Hey, it’s been a while ey?
Where to begin. I’ve struggled to write this year but as vulnerable as opening up about my story and past has made me, I truly believe that sharing and talking is the most cathartic thing you can do for your mental health and well being.
So let’s go back to 2017, my life was great, I had everything together (so it seemed). I’d ‘soldiered’ on through my dads suicide abnormally OK, and for the first time in my life everything was going right. I was working hard in the gym, financially stable, had an amazing network of friends and family and had even made the life altering decision to move to New Zealand. Unfortunately as 2018 rolled around, a desperate, dark sadness hit me with zero warning. Depression. WTF. Why was I suddenly crying everyday, couldn’t find the motivation to go to the gym, go to work or be sociable? Where had this fun, outgoing, positive character I’d been for the last 18 months gone? I want her back now. I put it down to moving to the other side of the world. Perhaps I was homesick, perhaps it would take time for me to adjust, and maybe I just needed a job, new friends, a new gym and I’d be OK again. So that I could be the ‘old’ me again. So I found all of the above, and I again seemingly on the surface, had everything to live and be happy for. So, why was I so desperately unhappy and why was nothing bringing me joy anymore?

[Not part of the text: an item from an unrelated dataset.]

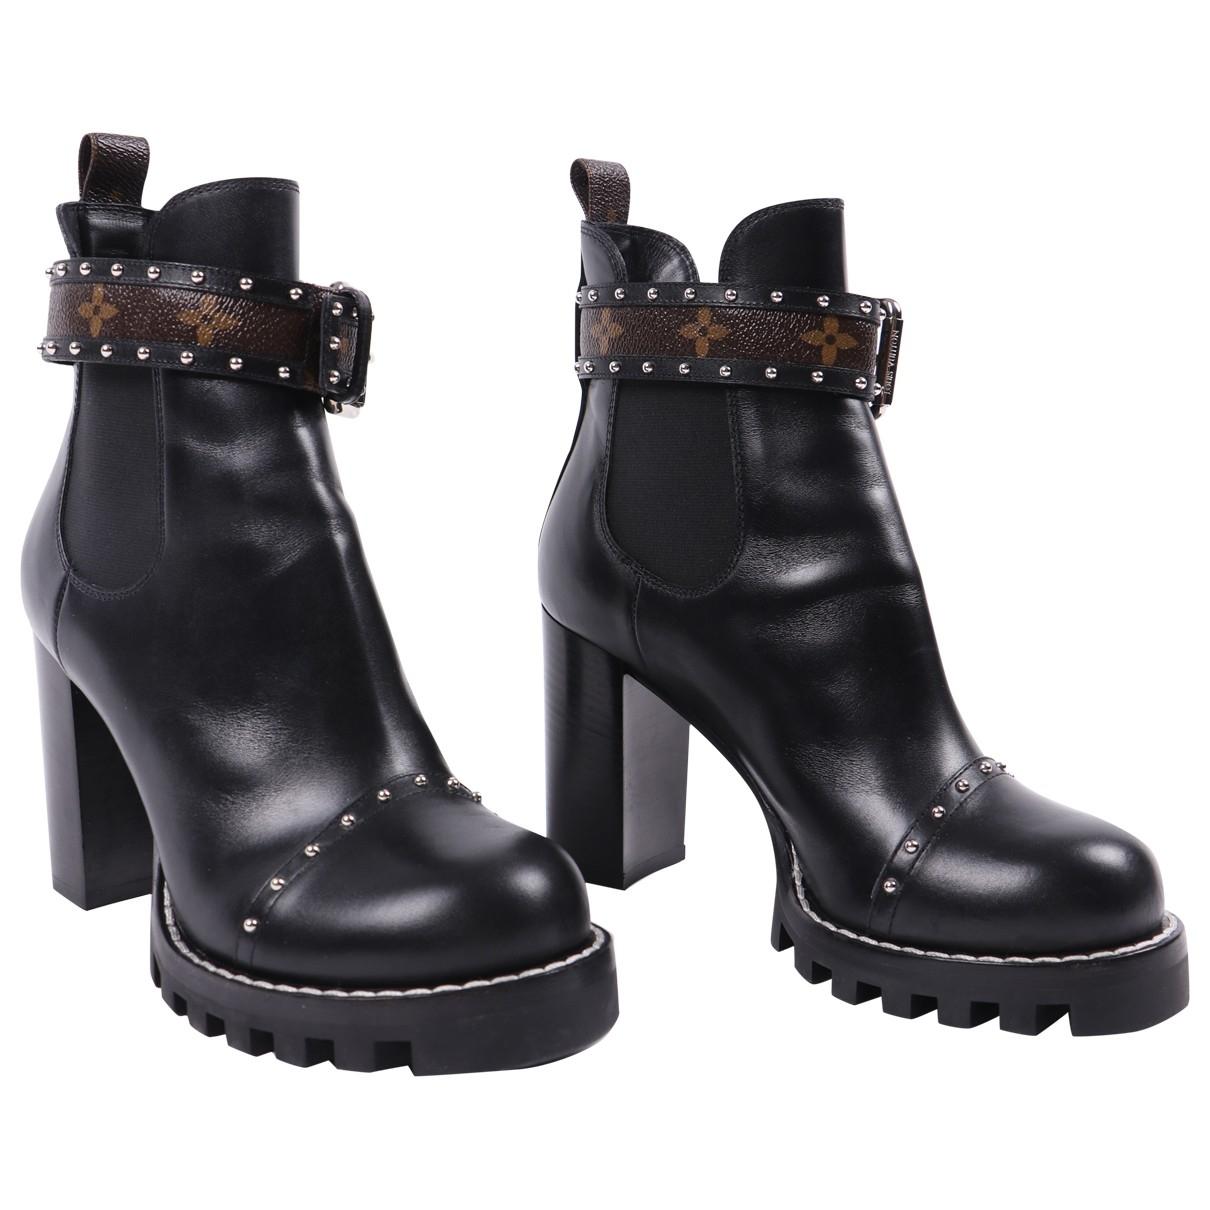 Louis Vuitton - Boots Star Trail pour femme en cuir - noir

The months moved past slow and my mood had not lifted and I had to be honest with my self and admit it was most likely depression. But how? I’d spent 18 months “dealing” with my dad’s death, doing all the the things the books had told me. I even wrote a blog on coping with grief!? Again, this inability to understand what was going on and why I couldn’t control it, consumed me in such a way I decided to come home and move back to the UK. The disappointment of something you’d wanted so badly fail and seeing others thrive in a lifestyle you’d always dreamed of felt like a punch in the stomach. Why is it everyone gets to be happy apart from me? After all I’d been through, surely I deserved a shot at happiness too? The victim in me came out and the “why me” cried louder than any other thoughts in my head for a few weeks after coming home. Although I desperately tried to cling on to the “it was the right decision”, the depression was still there. For the first time in my life, I felt zero control over it. This feeling was suffocating the joy out of everything I used to enjoy in life. I again tried desperately to cling onto the fact that I was ‘over’ my dad so it couldn’t possibly be that. I thought I was over it, I thought I’d got through it but unfortunately this couldn’t be further from the truth.
So I started counselling. I’m not ashamed to admit that I have it, when my dad died I always knew it was something that I’d need to do but it was more a matter of the right time. Although I could talk about my dad’s death without even a tear in my eye, I knew one day, I’d truly need to face up to a life without him. The new normal, the one that we all experience when a loved one dies. But even when you’ve read all the self help books, practise mindfulness, meditation and have ultimately accepted that yes, “time is a healer”, that doesn’t eliminate the pain and sadness of grief. However, I’d also come to the abrupt realisation that avoiding it doesn’t either. It quickly dawned on me that all the “dealing” I’d done over the past 2 years had actually been a form of avoidance. A safety net that my own mind had given me to protect me from the sheer monstrosity that was my dad’s suicide. Even though I felt ‘fine’ in the passing months after my dad died, the reality of it all was actually, it had taken almost 2 years to really set in. and when it did… My god did it hurt.
Depression is horrible. But what’s more horrible is hiding it because it’s so isolating as it is. Am I ashamed to admit that I’ve struggled with it? No. Because even if it’s a part of me, it’s not me. Just like it’s not you.
Be brave, be strong, and know that you’ve got through 100% of the bad days so far, and that’s pretty awesome.
Take care of yourselves and remember, we’re all fighting battles that you don’t always see.